Rare Metals

pp 1–8 | Cite as

Structure and magnetic properties of nanocrystalline dysprosium powders

  • Hong-Jian Li
  • Qiong Wu
  • Ming YueEmail author
  • Yu-Qing Li
  • Rong-Chun Zhu
  • Jing-Ming Liang
  • Jiu-Xing Zhang


In this current study, nanocrystalline Dy powders were prepared by melt-spinning and subsequent high-energy ball-milling. The effect of ball-milling time on the structure and magnetic properties of the powders was studied. The crystal structure and microstructure of the melt-spun ribbons and ball-milled powders were observed by X-ray diffraction (XRD), scanning electron microscopy (SEM) and transmission electron microscopy (TEM). Magnetic measurement of all samples was performed with vibrating sample magnetometer (VSM). XRD results indicate that the average crystal grain size of the powders decreases from 90.09 nm of the ribbons to 10.42 nm of the 4-h ball-milled powders. Further TEM observation shows that the grains are fine and uniform. The Neel temperature (TN) decreases from 182 K of the ribbons to 172 K of the powders, while the Curie temperature (TC) increases from 100 to 130 K, demonstrating that the grain size has substantial influence on the magnetic transition process. Moreover, at 60 K, as the ball-milling time increases, the coercivity of the powders increases first, peaking at 0.48 T for 2-h milling, then drops again, while the remanence of the powders decreases monotonically.

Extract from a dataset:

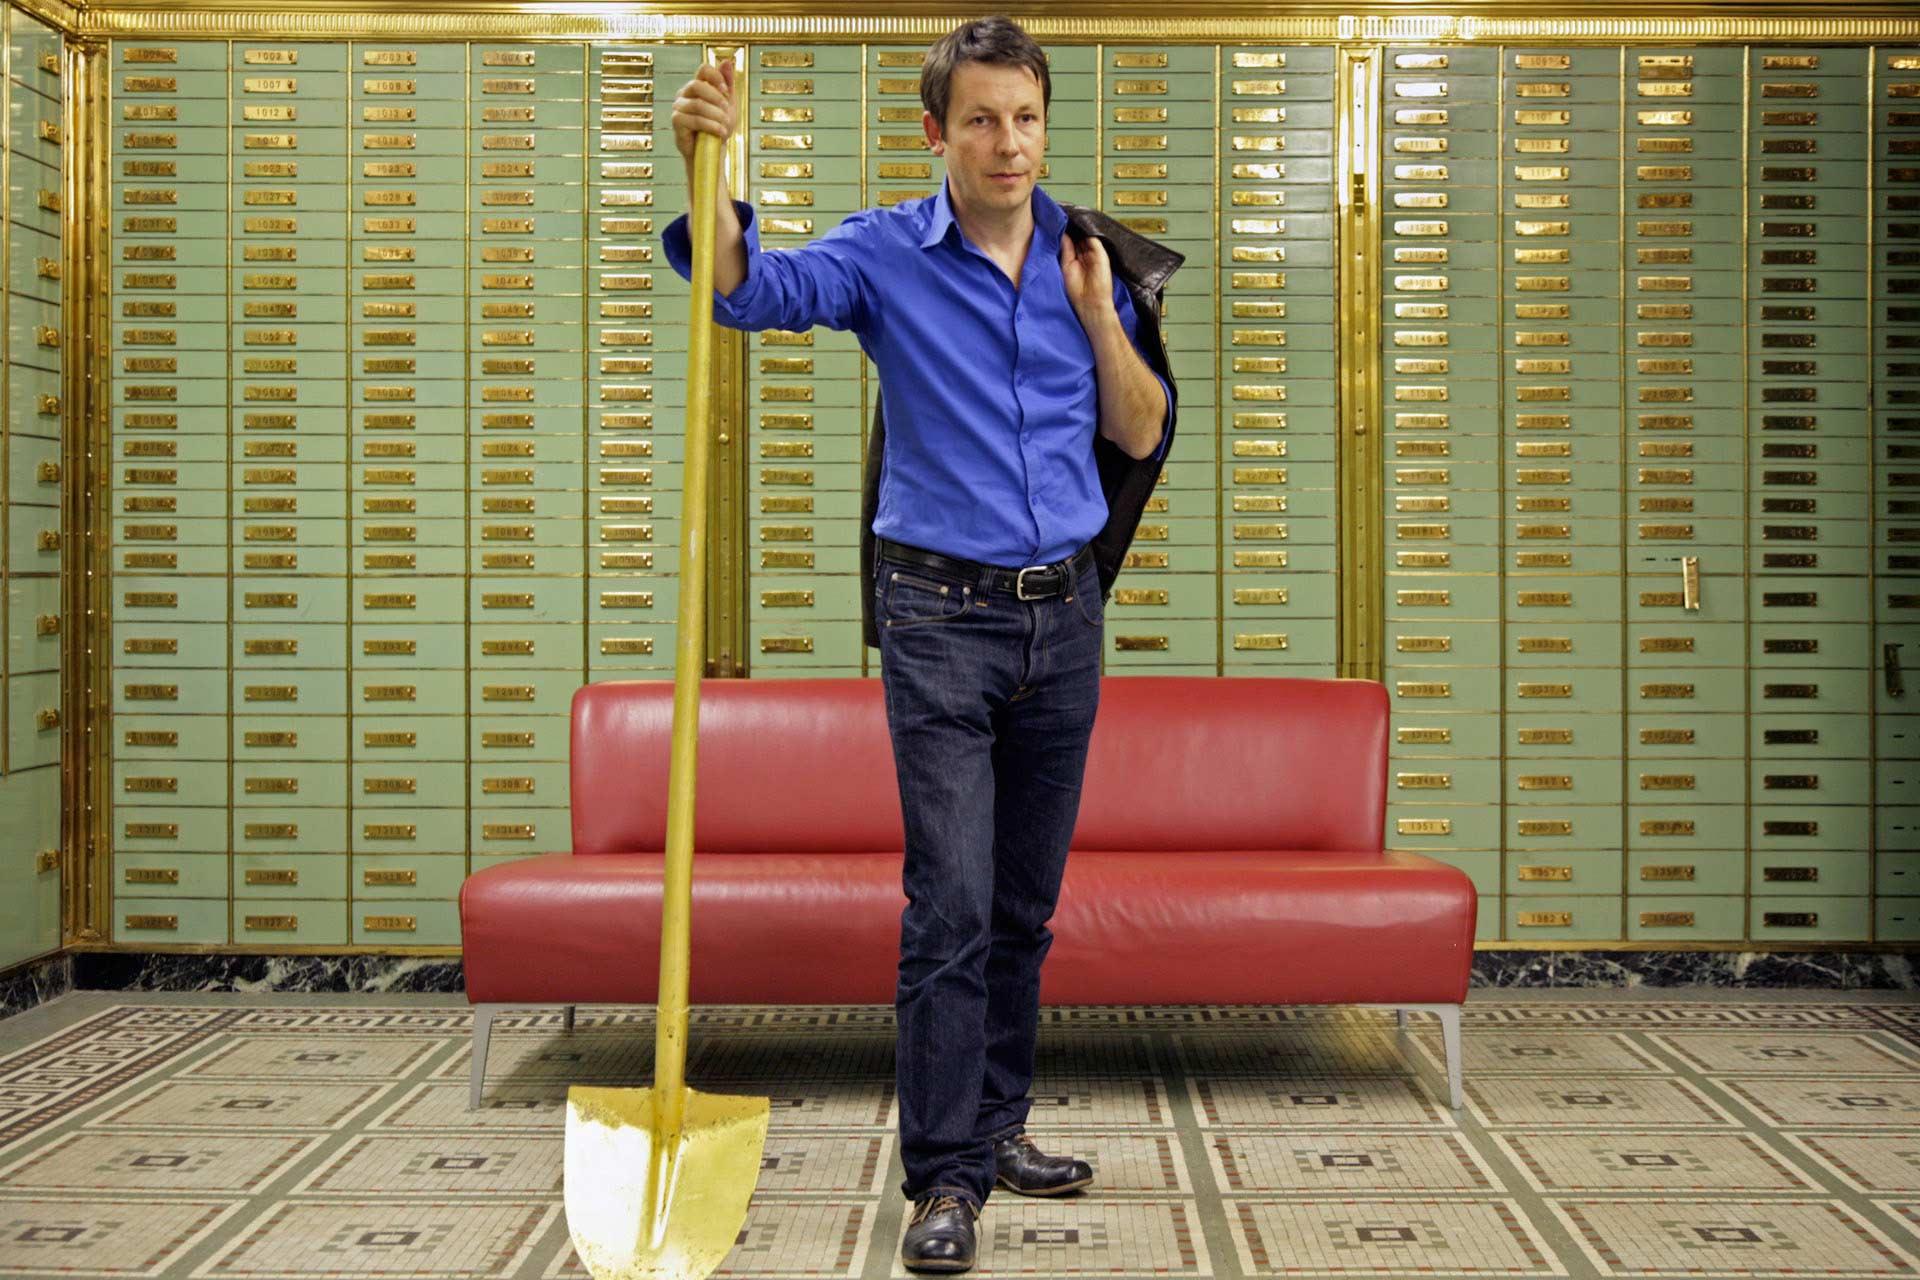 """Daniel Häni im Safe des 'unternehmen mitte' - Daniel Häni """"Der Turmbauer zu Basel"""" taz. die tageszeitung vom 15.10.2009"""

As a result, the powders milled for 2 h exhibit an optimal maximum energy product of 64.0 kJ·m−3, demonstrating the good potential of these powders as a permanent magnet at low temperatures.


Dysprosium Nanocrystalline Low temperature Magnetic properties 



This work was financially supported by the National Natural Science Foundation of China (Nos. 51401001, 51701109 and 51331003) and the International S&T Cooperation Program of China (No. 2015DFG52020).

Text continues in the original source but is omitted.